PROVIDED INFORMATION Start Marker
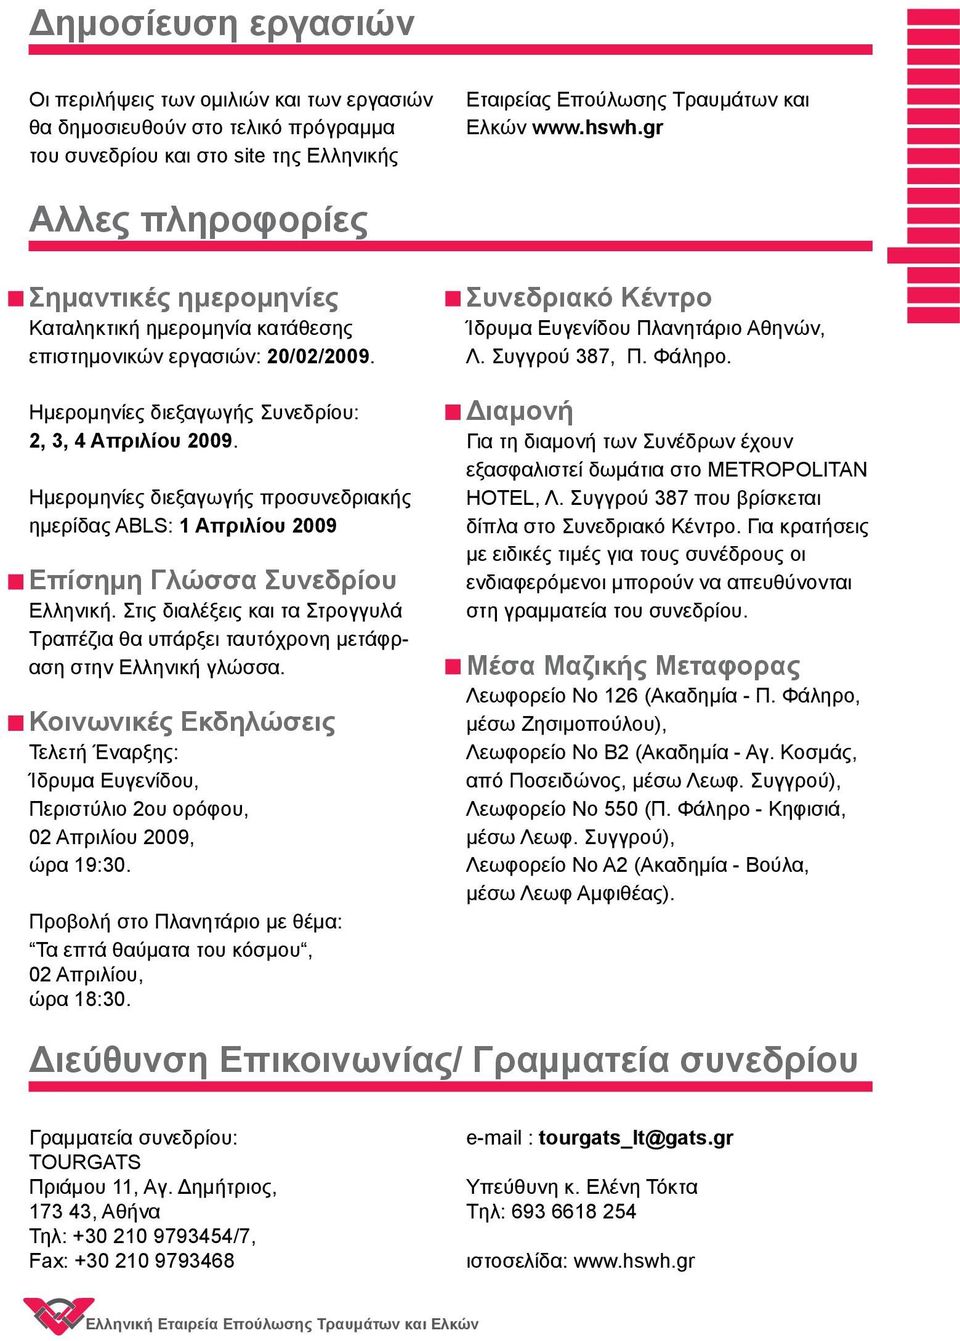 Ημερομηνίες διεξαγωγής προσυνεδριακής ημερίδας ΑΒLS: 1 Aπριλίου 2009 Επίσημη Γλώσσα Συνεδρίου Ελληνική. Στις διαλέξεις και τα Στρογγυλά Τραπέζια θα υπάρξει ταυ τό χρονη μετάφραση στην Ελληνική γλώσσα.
PROVIDED INFORMATION End Marker
PROVIDED INFORMATION Start Marker
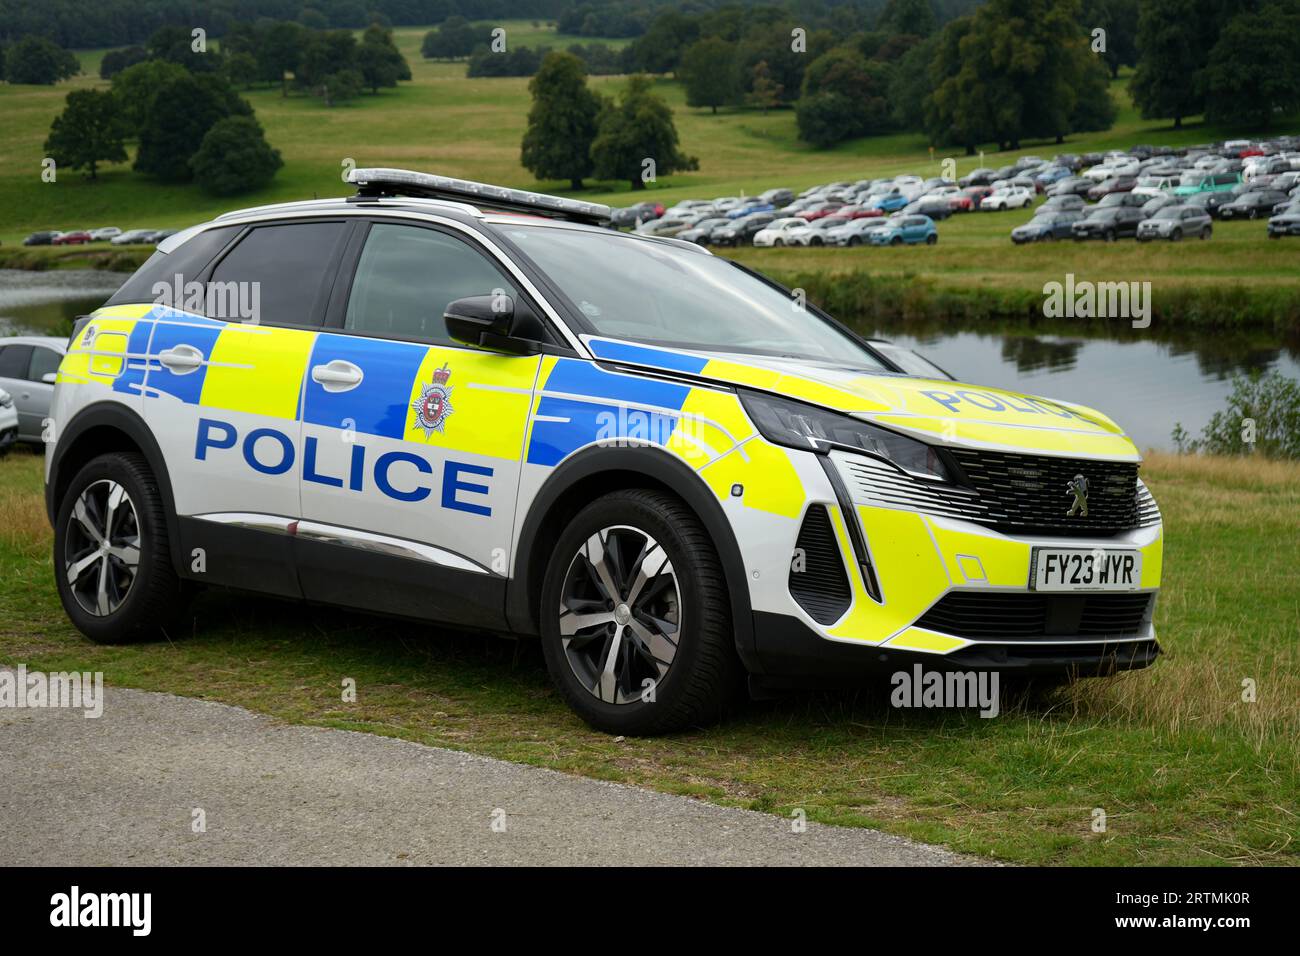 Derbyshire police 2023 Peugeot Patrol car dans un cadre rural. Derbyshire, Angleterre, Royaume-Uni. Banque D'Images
PROVIDED INFORMATION End Marker
PROVIDED INFORMATION Start Marker
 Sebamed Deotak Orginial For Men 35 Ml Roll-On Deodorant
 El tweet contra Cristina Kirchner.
PROVIDED INFORMATION End Marker
### YOUR INSTRUCTIONS:
Copy out precisely the lines from the line with "Sebamed Deotak Orginial" to the line with "El tweet contra Cristina Kirchner." in the material above, including those two lines and omitting all the rest.

### TASK SOLUTION:
 Sebamed Deotak Orginial For Men 35 Ml Roll-On Deodorant
 El tweet contra Cristina Kirchner.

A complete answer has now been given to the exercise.